---------- THE DATA

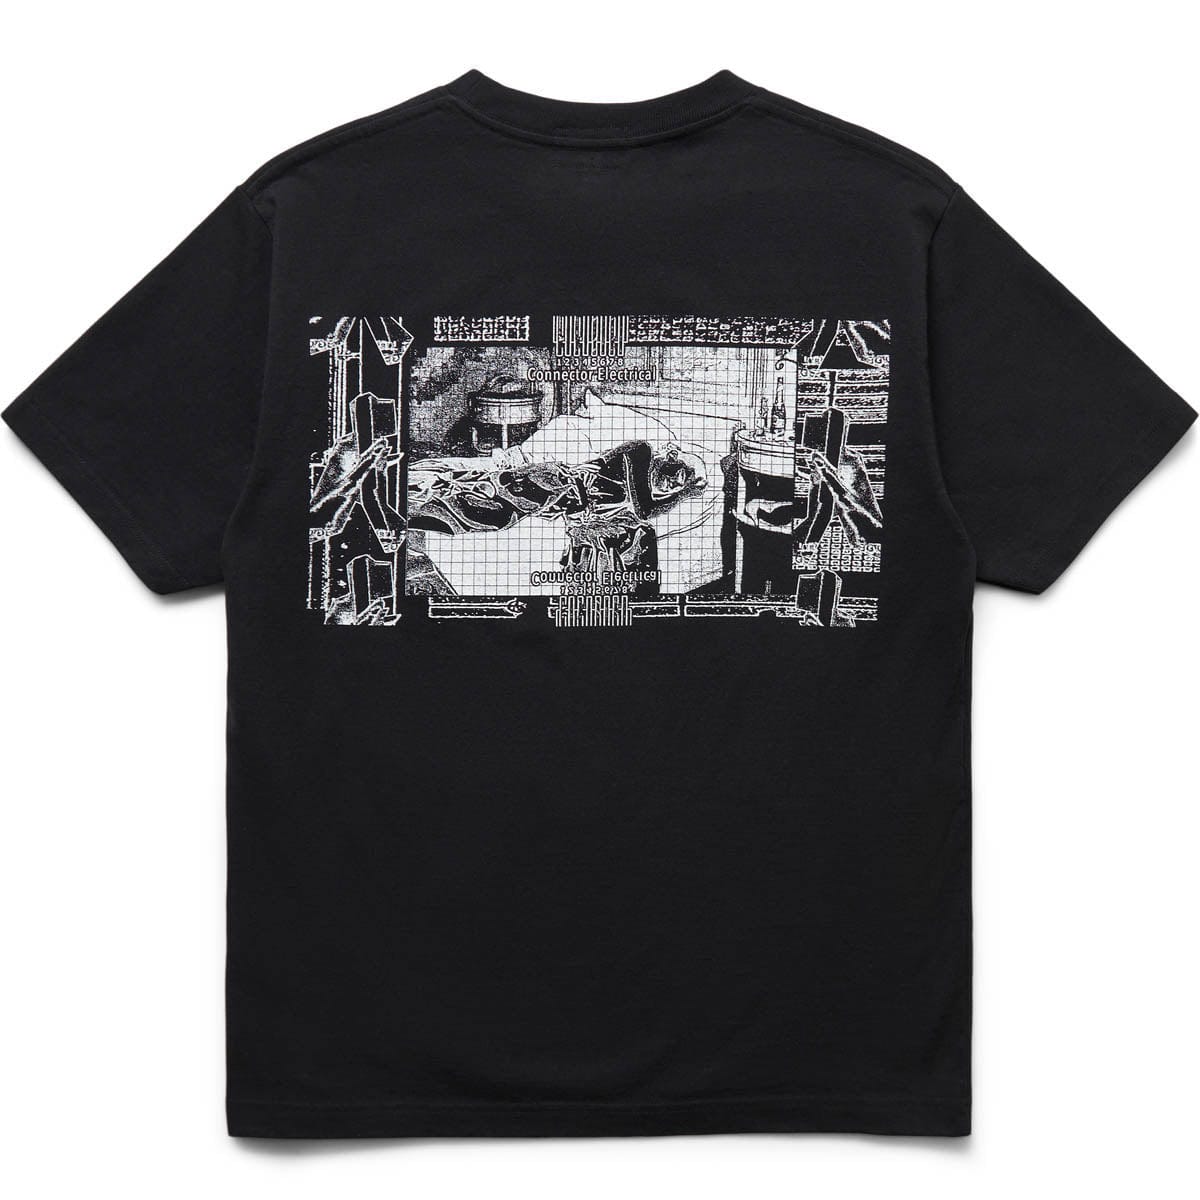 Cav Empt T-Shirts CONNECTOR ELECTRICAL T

--------------------
---------- THE DATA

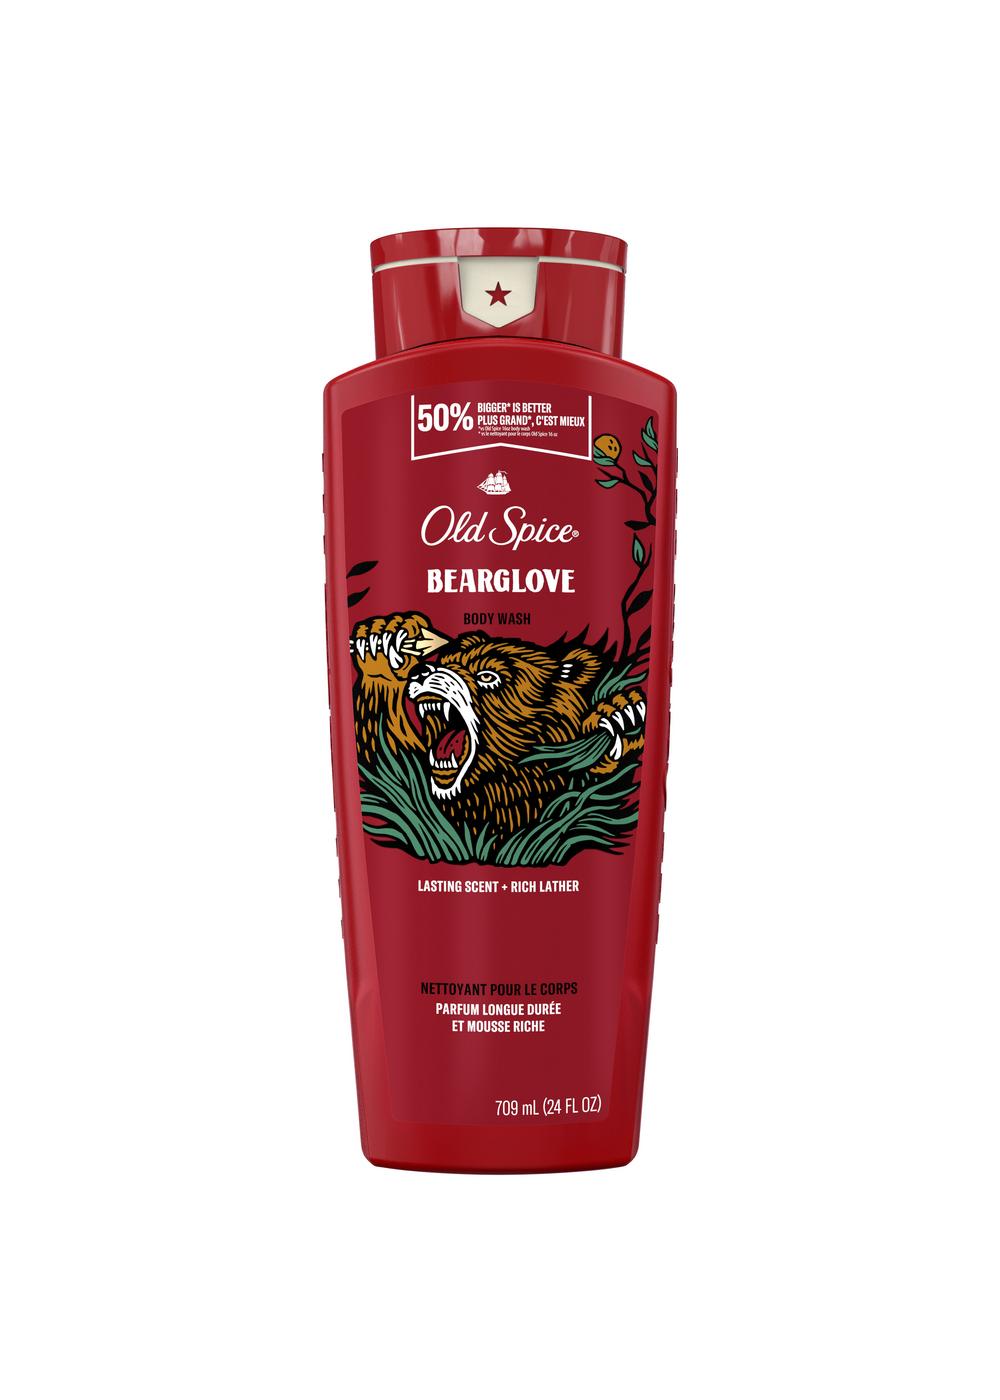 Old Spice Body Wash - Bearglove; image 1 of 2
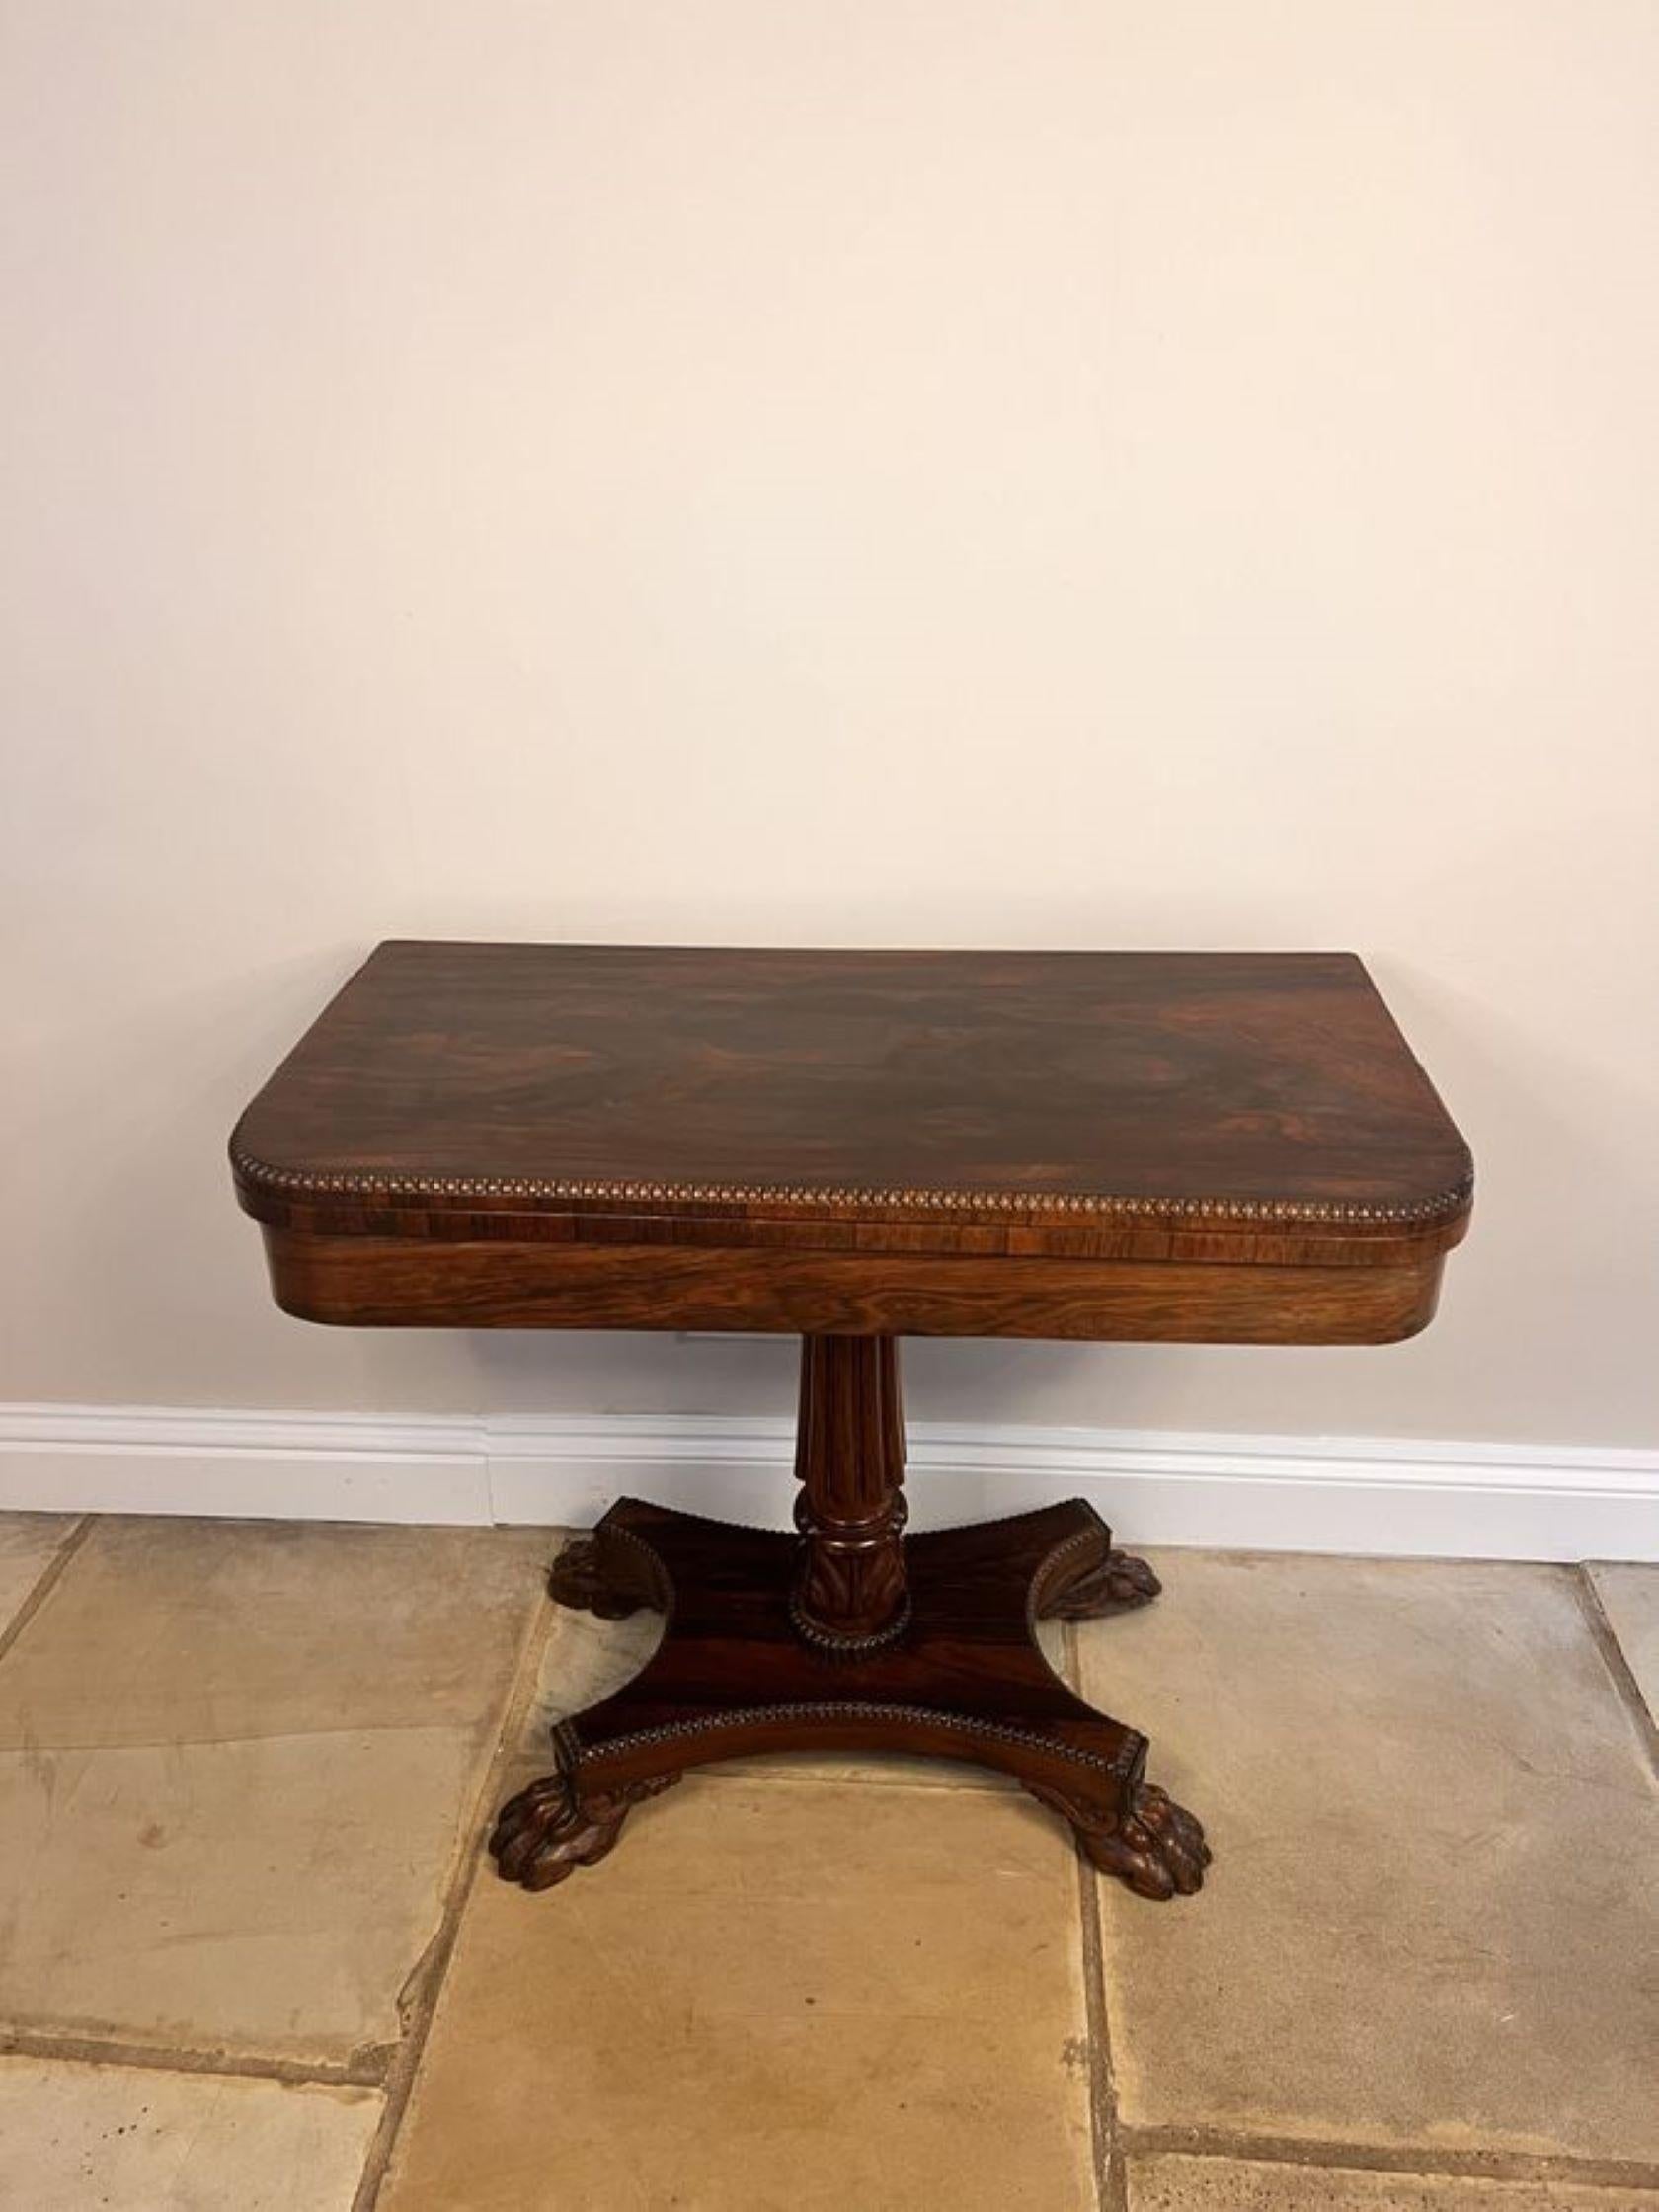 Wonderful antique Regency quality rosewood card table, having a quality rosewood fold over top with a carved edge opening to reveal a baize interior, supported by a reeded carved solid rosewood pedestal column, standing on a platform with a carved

--------------------
---------- THE DATA

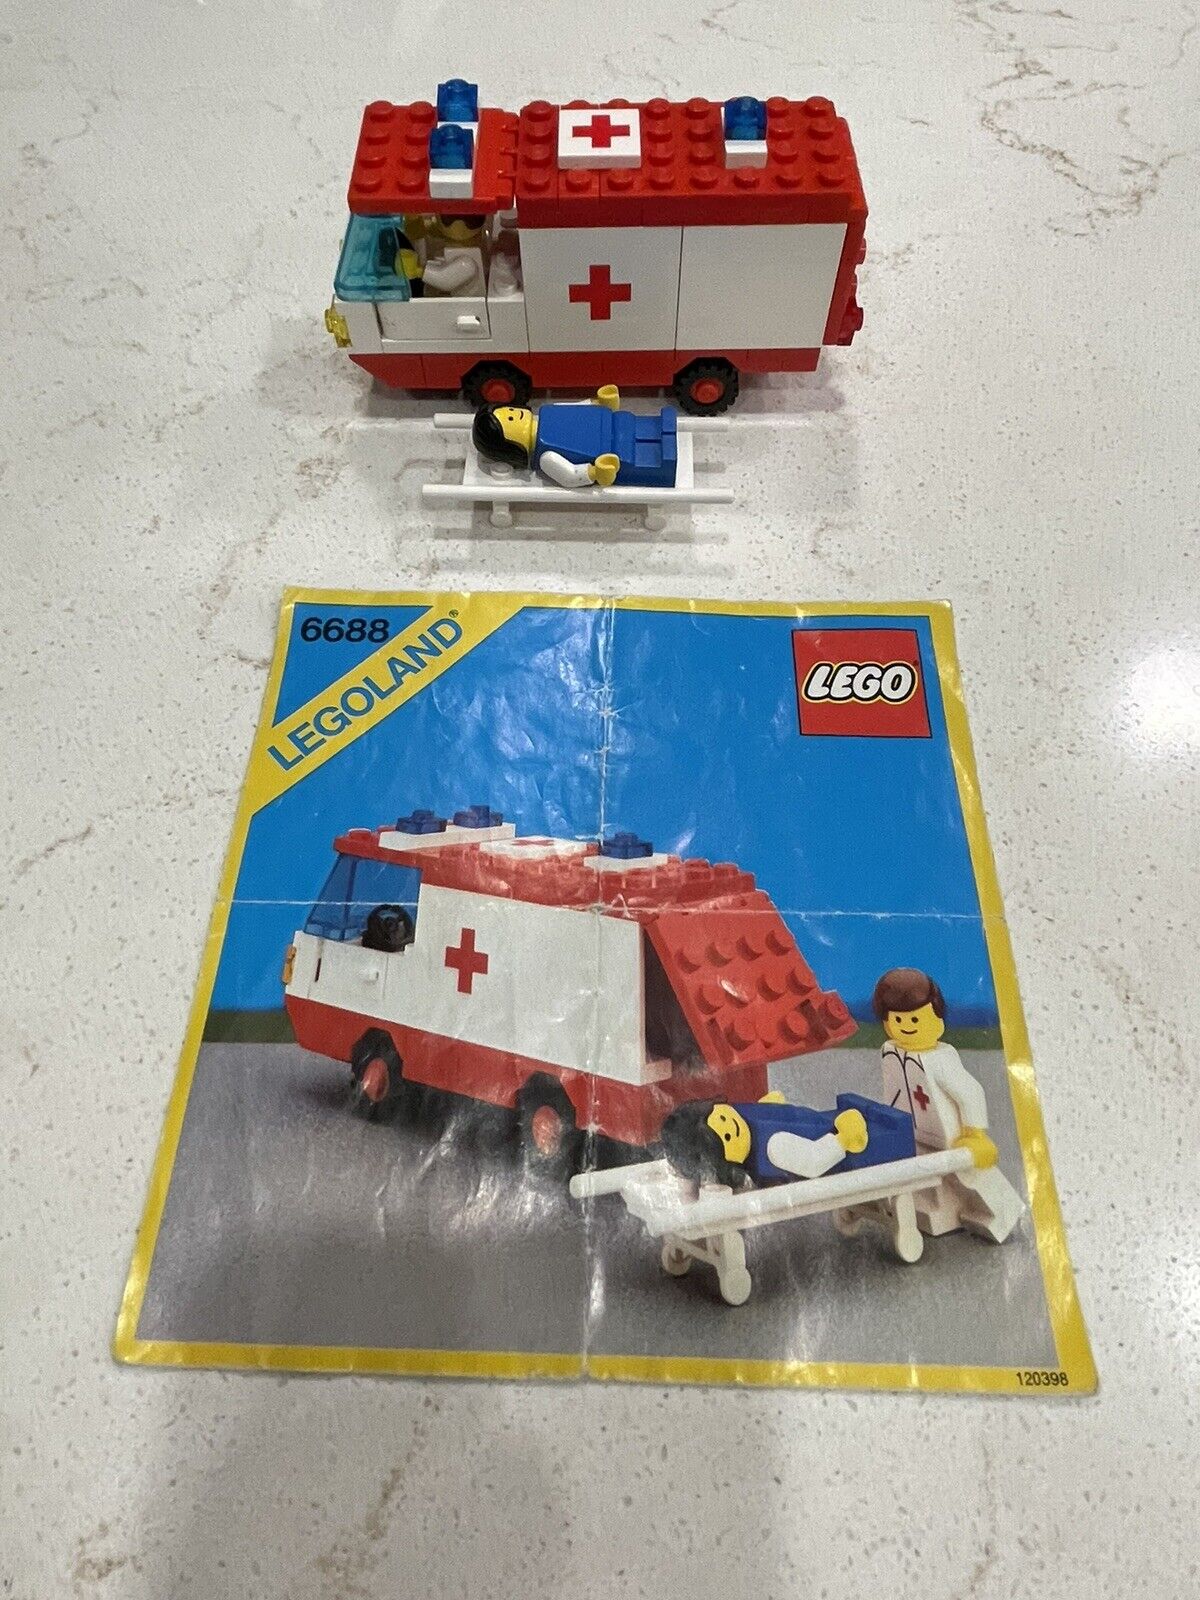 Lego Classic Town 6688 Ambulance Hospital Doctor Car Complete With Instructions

--------------------

→ DESCRIPTION OF THE TASK:
Using the entries above, transcribe every line from the line containing "Old Spice Body" through the line containing "Wonderful antique Regency". Do not copy pictures.

→ EXERCISE RESPONSE:
 Old Spice Body Wash - Bearglove; image 1 of 2
 Wonderful antique Regency quality rosewood card table, having a quality rosewood fold over top with a carved edge opening to reveal a baize interior, supported by a reeded carved solid rosewood pedestal column, standing on a platform with a carved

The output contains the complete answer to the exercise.